Владимир Поликарпов - Русская военно-промышленная политика. 1914—1917. Государственные задачи и частные интересы.
Но и независимо от этого шага фирмы «Шнейдер» сооружение на Пермском заводе отдела дальнобойных пушек пришлось прервать в сентябре 1913 г., чтобы повысить главный калибр морских орудий с 14 до 16 дюймов. Строительство остановилось в самом начале (были вырыты котлованы, заготовлены бутовый камень для фундаментов, кирпич, лес) и возобновилось лишь весной — летом 1915 г., когда на продолжение работ было отпущено 9,2 млн. руб. (но и на этом ассигнования не закончились).

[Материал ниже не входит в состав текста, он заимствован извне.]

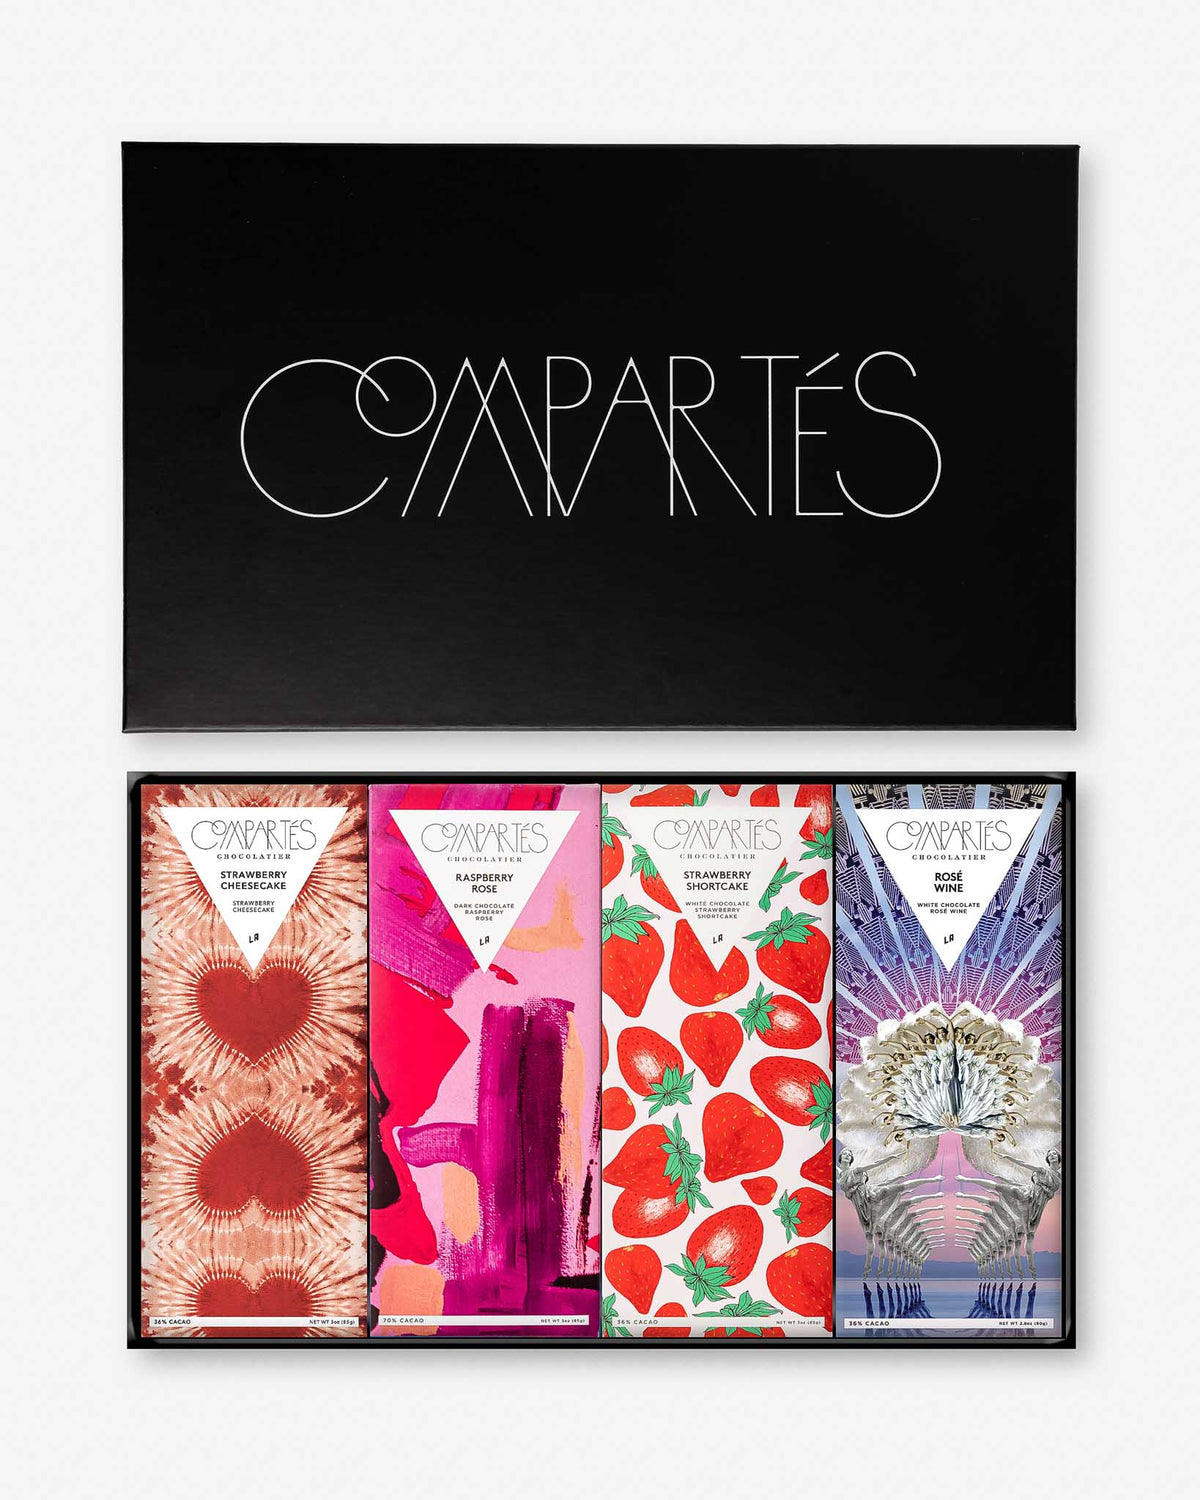 Fine Chocolates and Confections by Compartes - Premium Chocolate Bar Gift Box -4 Luxury Chocolate Bars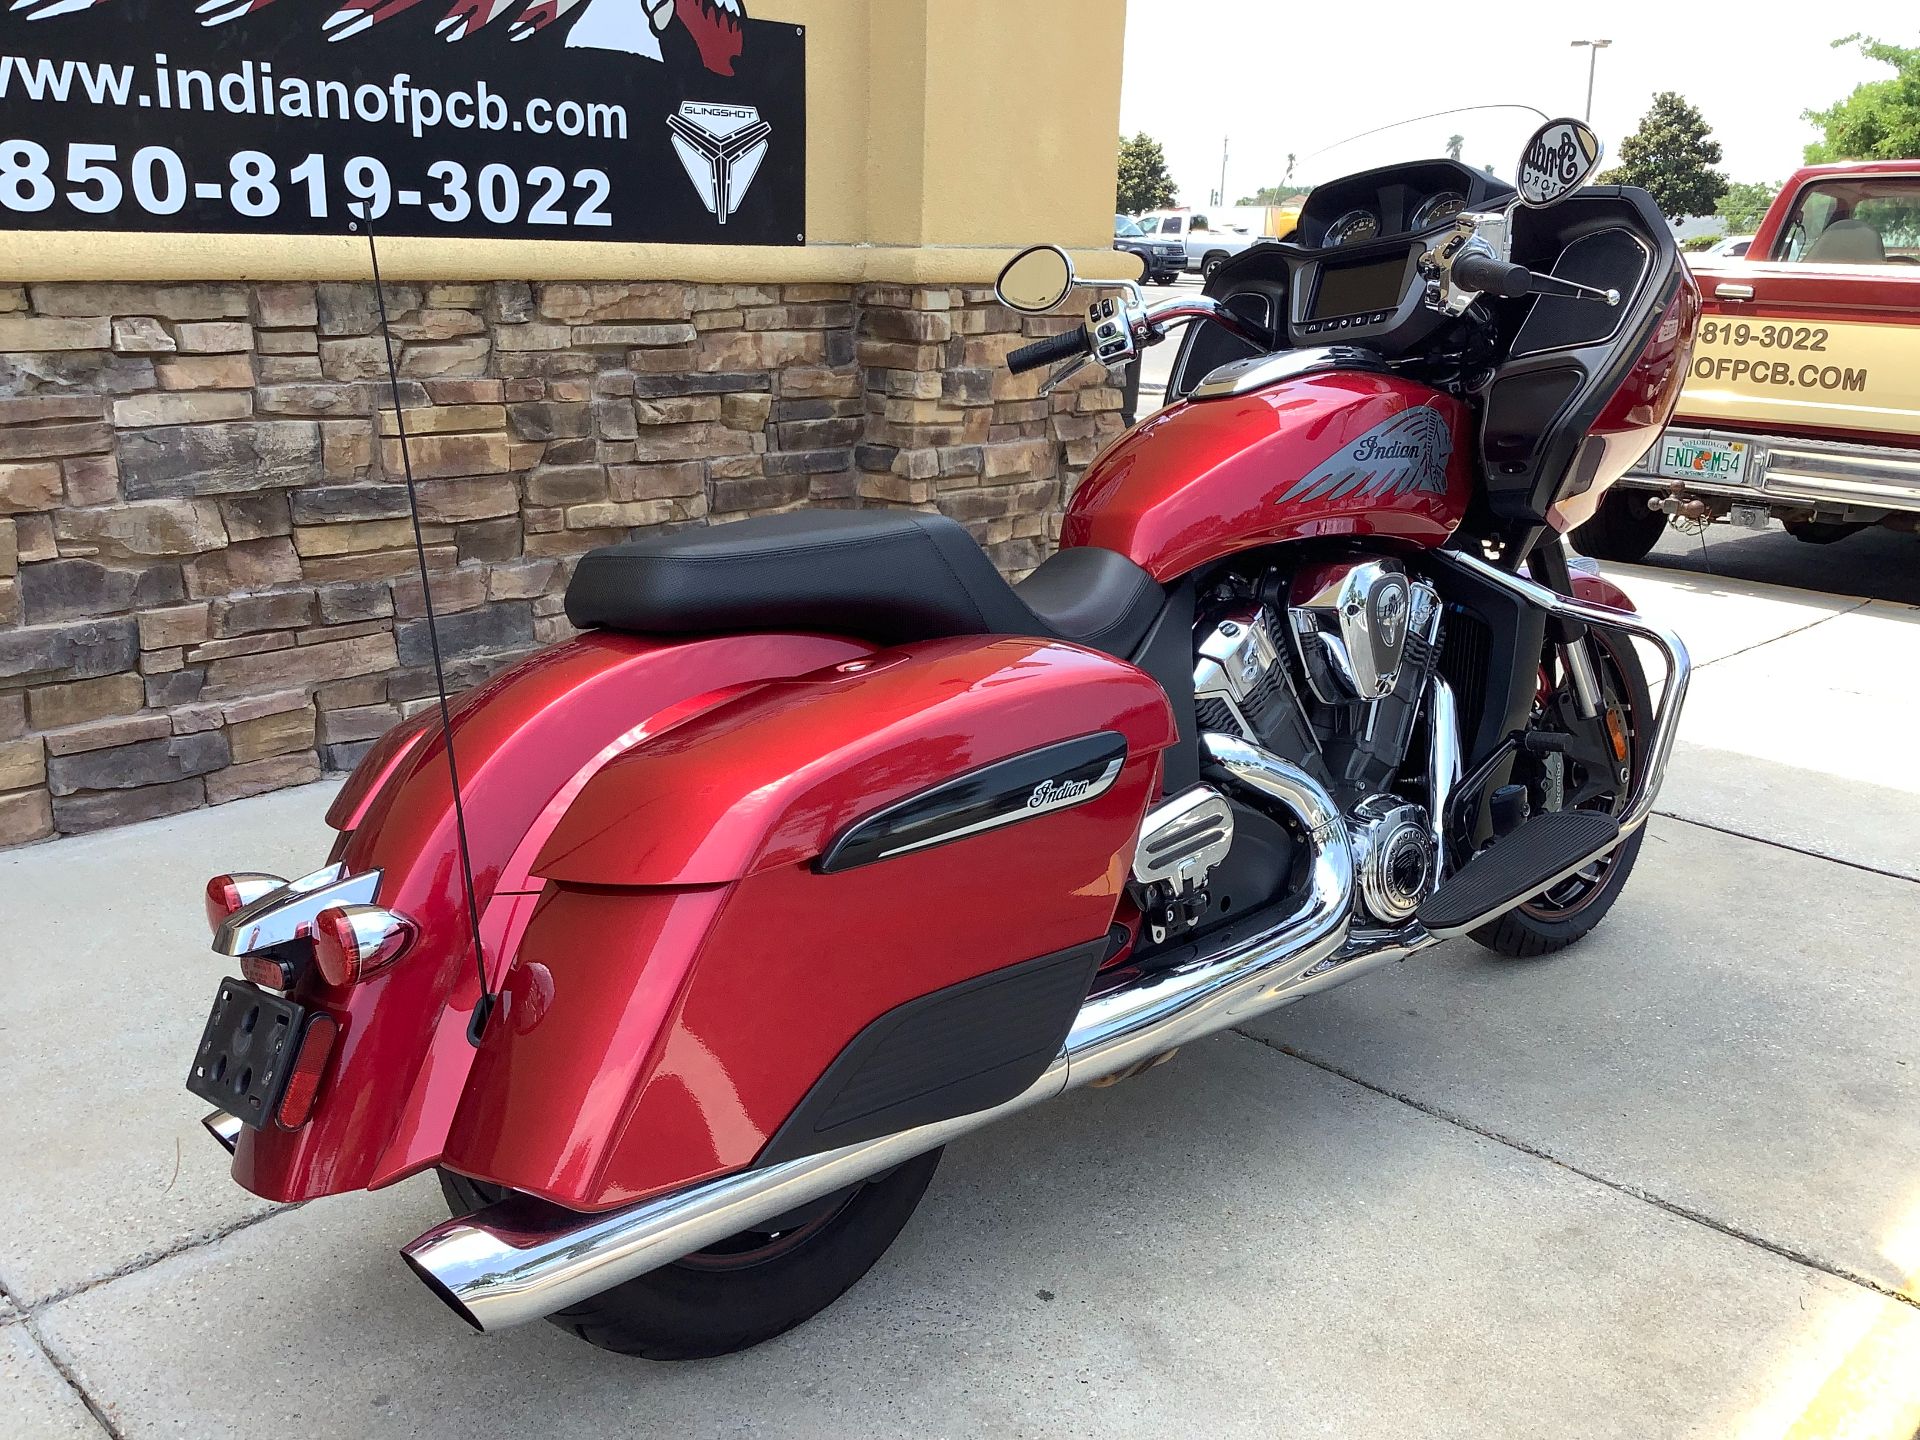 2020 Indian Motorcycle CLALLENGER LIMITED in Panama City Beach, Florida - Photo 3

С другой стороны проявила интерес к Пермскому заводу фирма «Виккерс», приступившая с 1913 г. к устройству предприятия той же специализации в Царицыне (Русское а. о. артиллерийских заводов, РАО A3). Английский конкурент предпринял безуспешную попытку запретить установление выпуска на Пермском заводе орудий калибром свыше 14 дм, а также вообще расширение казенных пушечных заводов (Обуховского и Петербургского орудийного).
В целом же источники не подтверждают мнения, будто «мировая война застала русские заводы врасплох» или будто в 1914 г. ГАУ «совершенно не занималось» развитием производства на казенных заводах, что «ключевые» постановления о заводах состоялись не ранее конца 1914 г. — версия, восходящая к выгораживанию великих князей Верховной следственной комиссией{109}. В действительности уже летом 1914 г. не только велось поспешное расширение заводов, предусмотренное «Малой» и «Большой» программами военного ведомства, но и намечалось создание иных объектов. Не теряло времени и морское ведомство{110}.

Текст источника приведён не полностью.